ABOUT THIS EXERCISE -
With the pictures left out, write out exactly the lines of the listing below that run from the line with "Design Ameublement Bahut" through the line with "Oficinas Corporativas KMC / RMA Architects".

EXERCISE DATA -
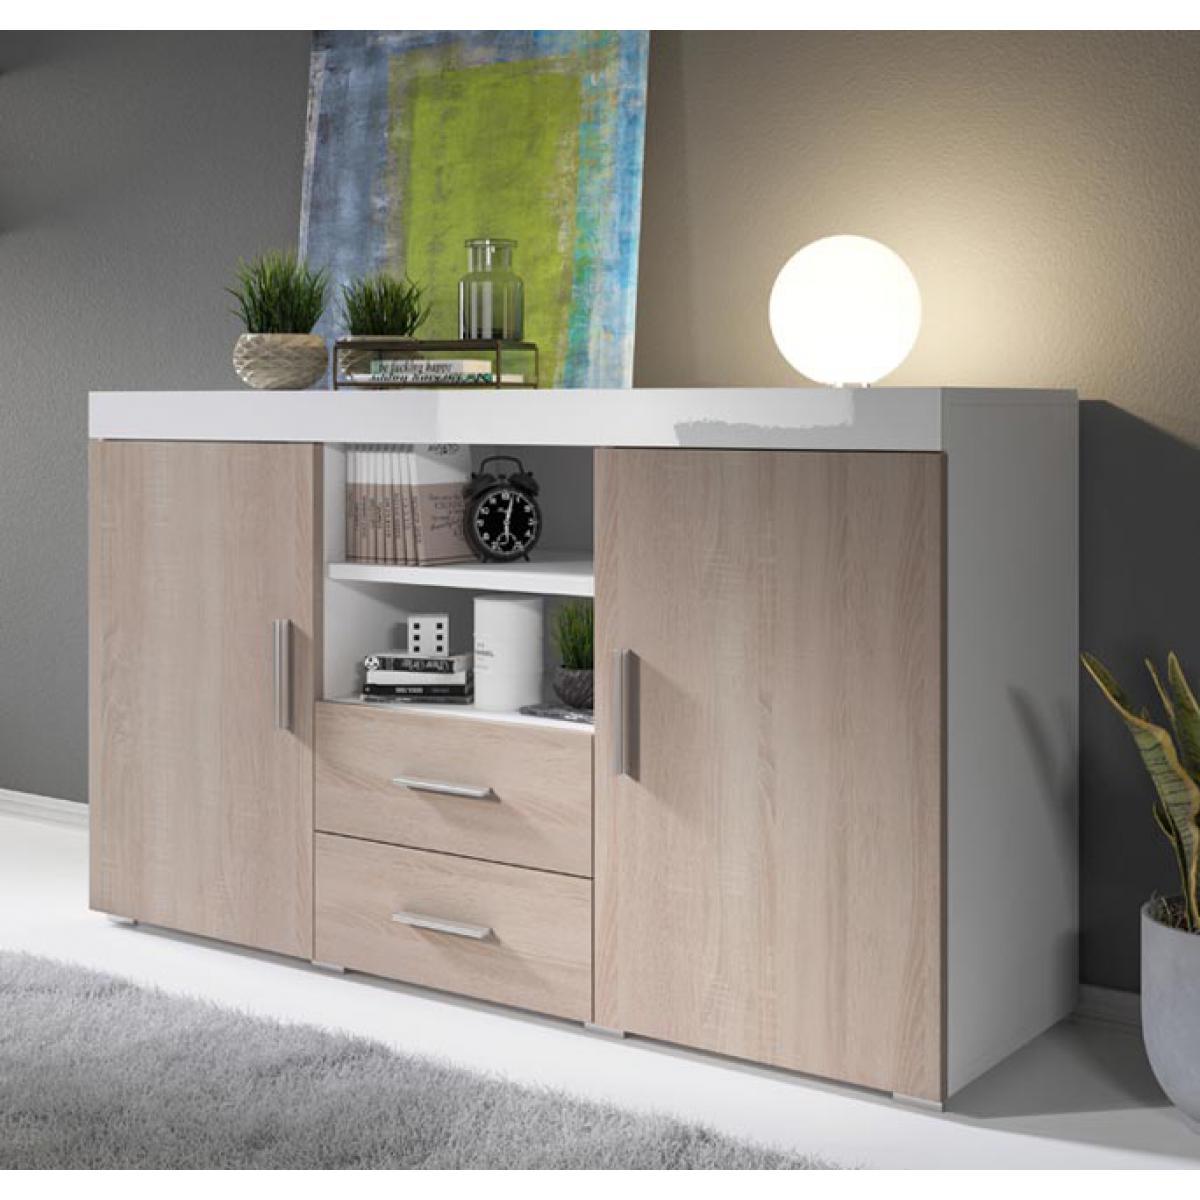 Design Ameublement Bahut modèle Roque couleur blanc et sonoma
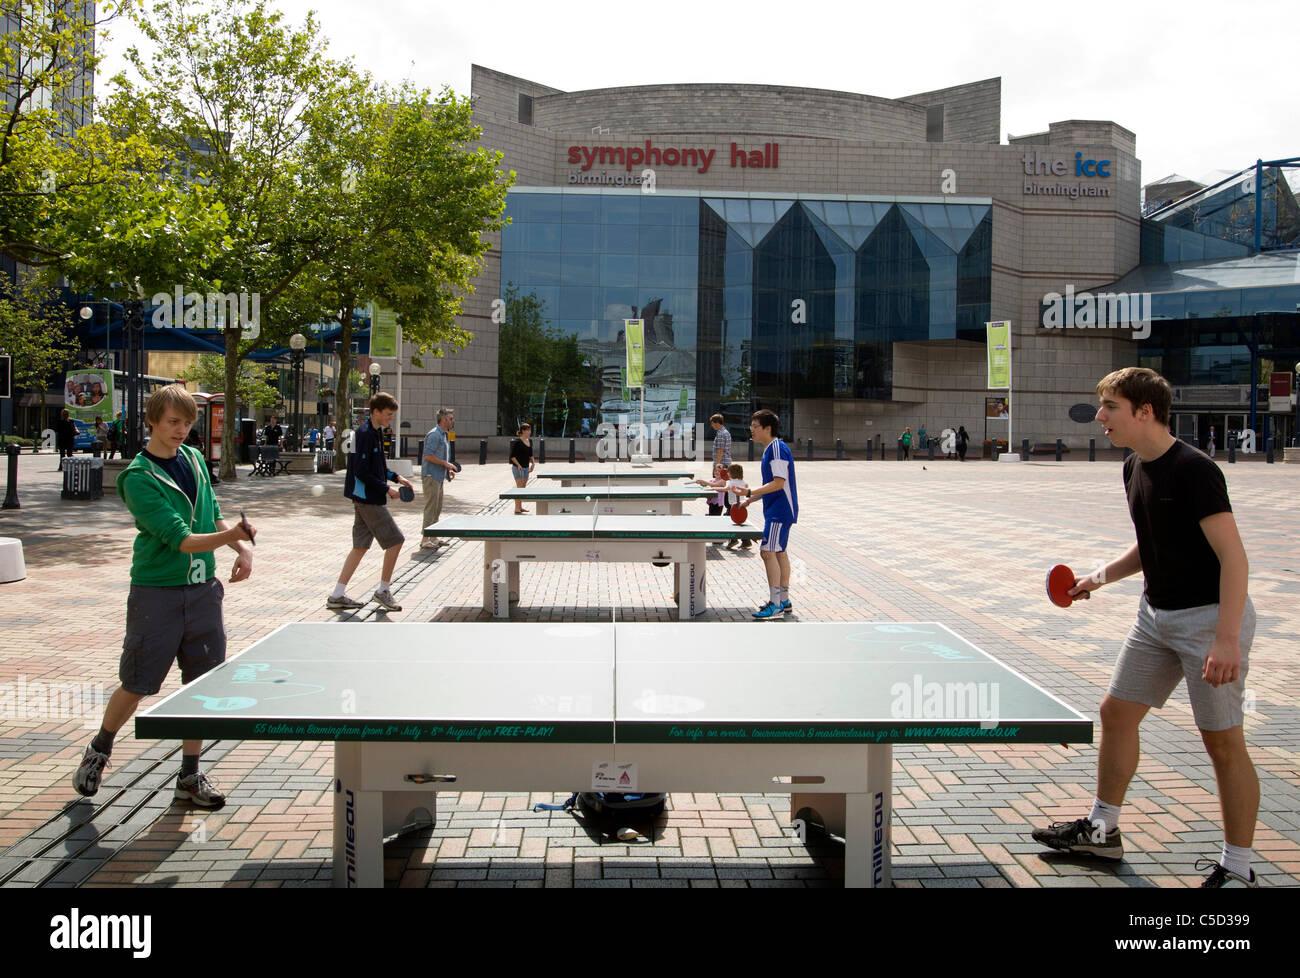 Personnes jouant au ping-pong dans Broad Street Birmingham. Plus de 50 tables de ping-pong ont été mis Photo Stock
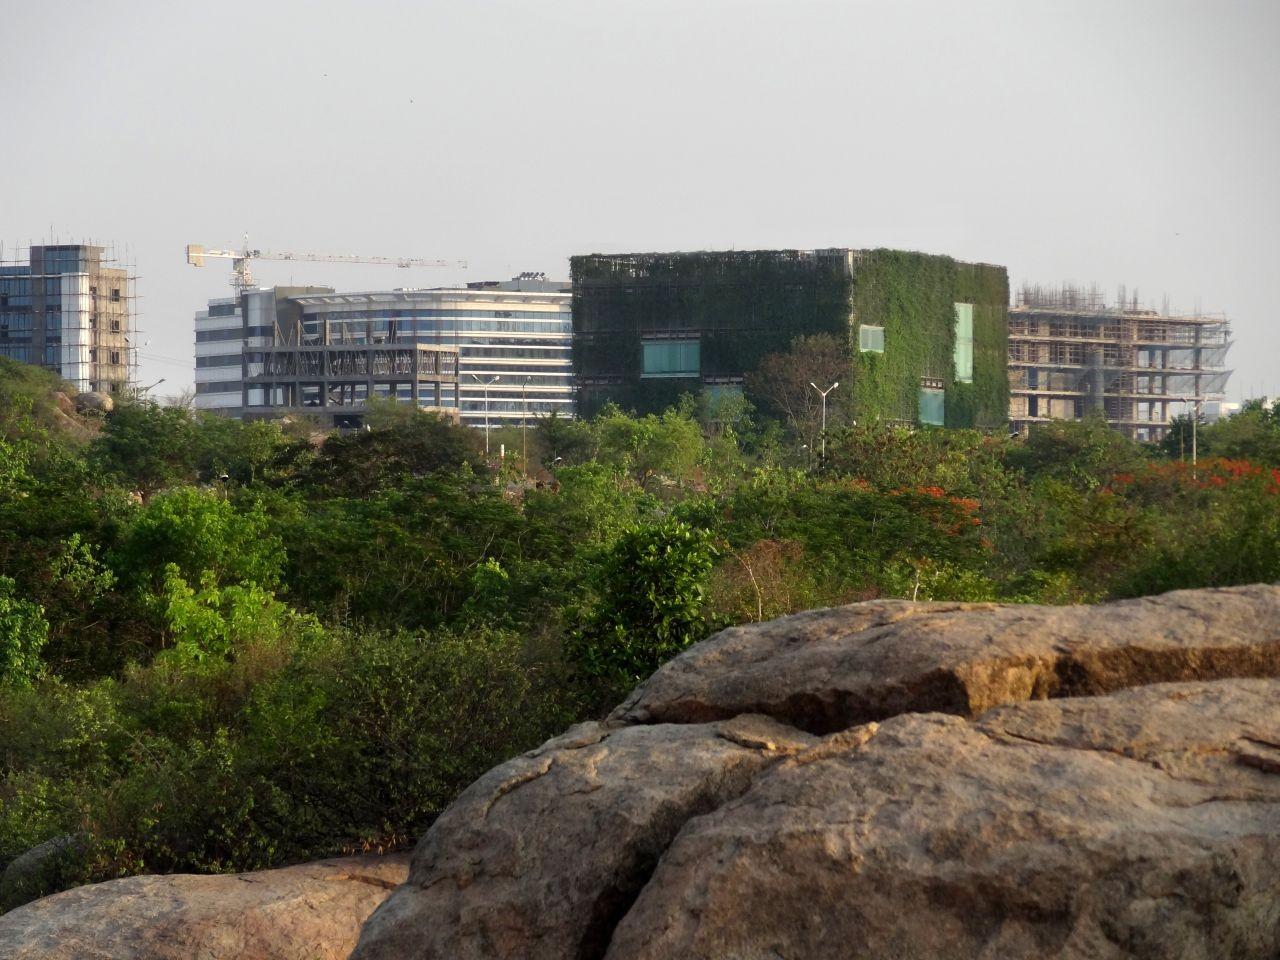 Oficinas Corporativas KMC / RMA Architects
---
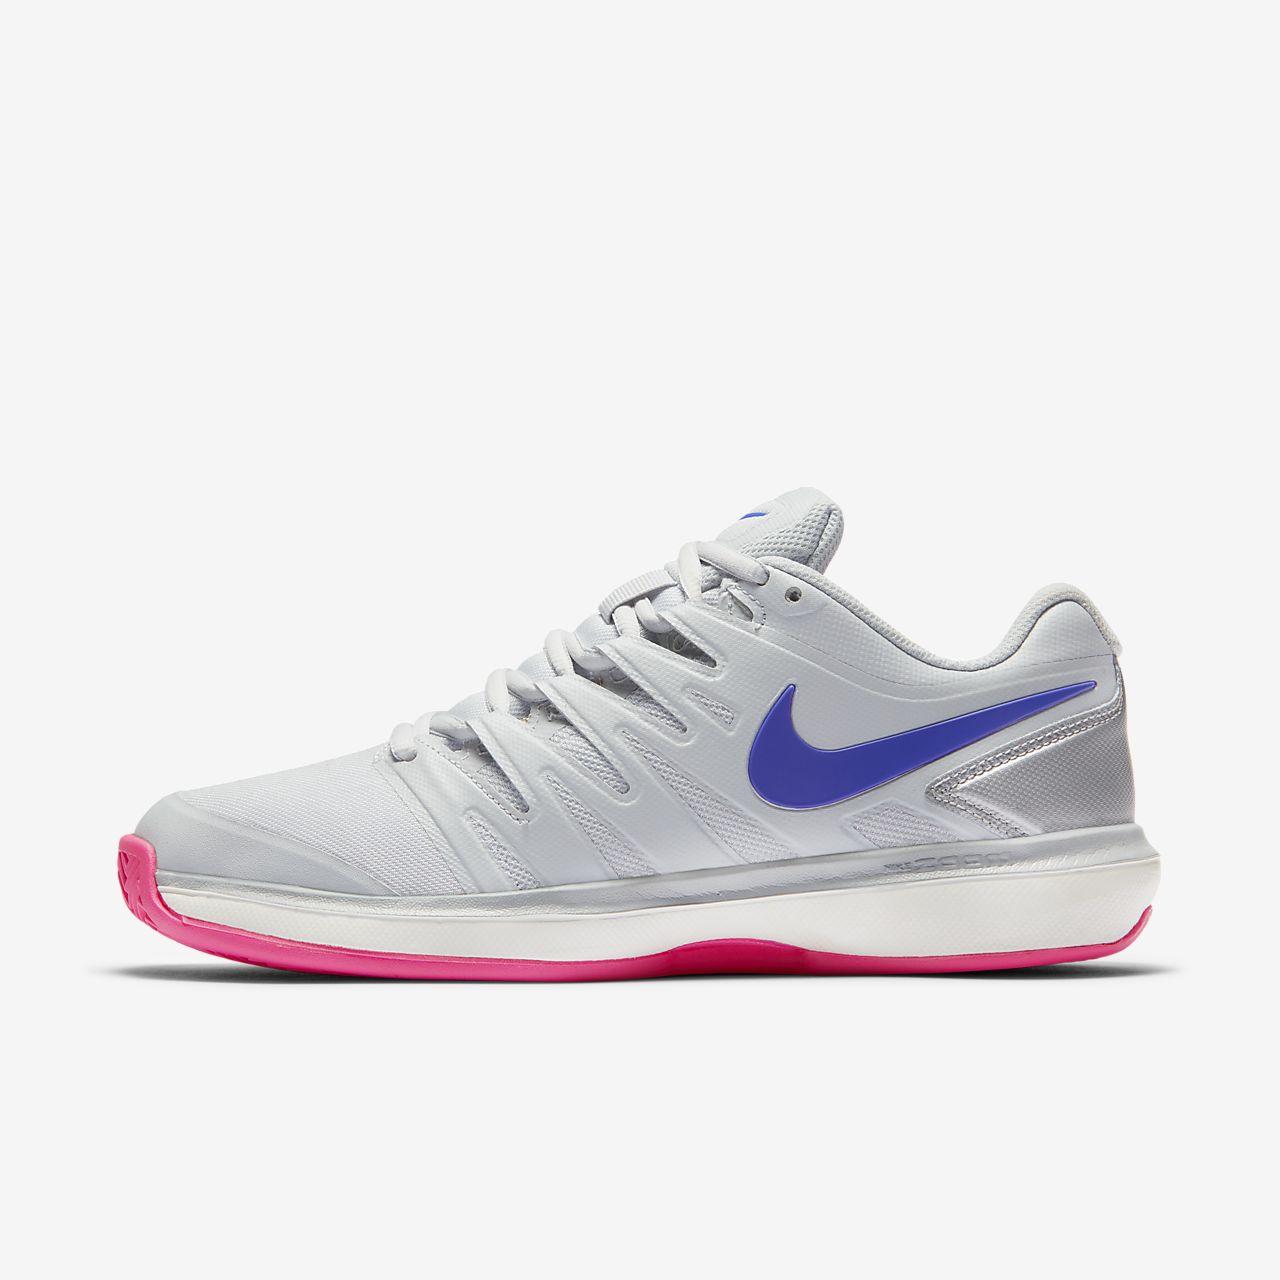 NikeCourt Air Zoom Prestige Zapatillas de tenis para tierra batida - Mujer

EXPECTED ANSWER -
 Design Ameublement Bahut modèle Roque couleur blanc et sonoma
 Personnes jouant au ping-pong dans Broad Street Birmingham. Plus de 50 tables de ping-pong ont été mis Photo Stock
 Oficinas Corporativas KMC / RMA Architects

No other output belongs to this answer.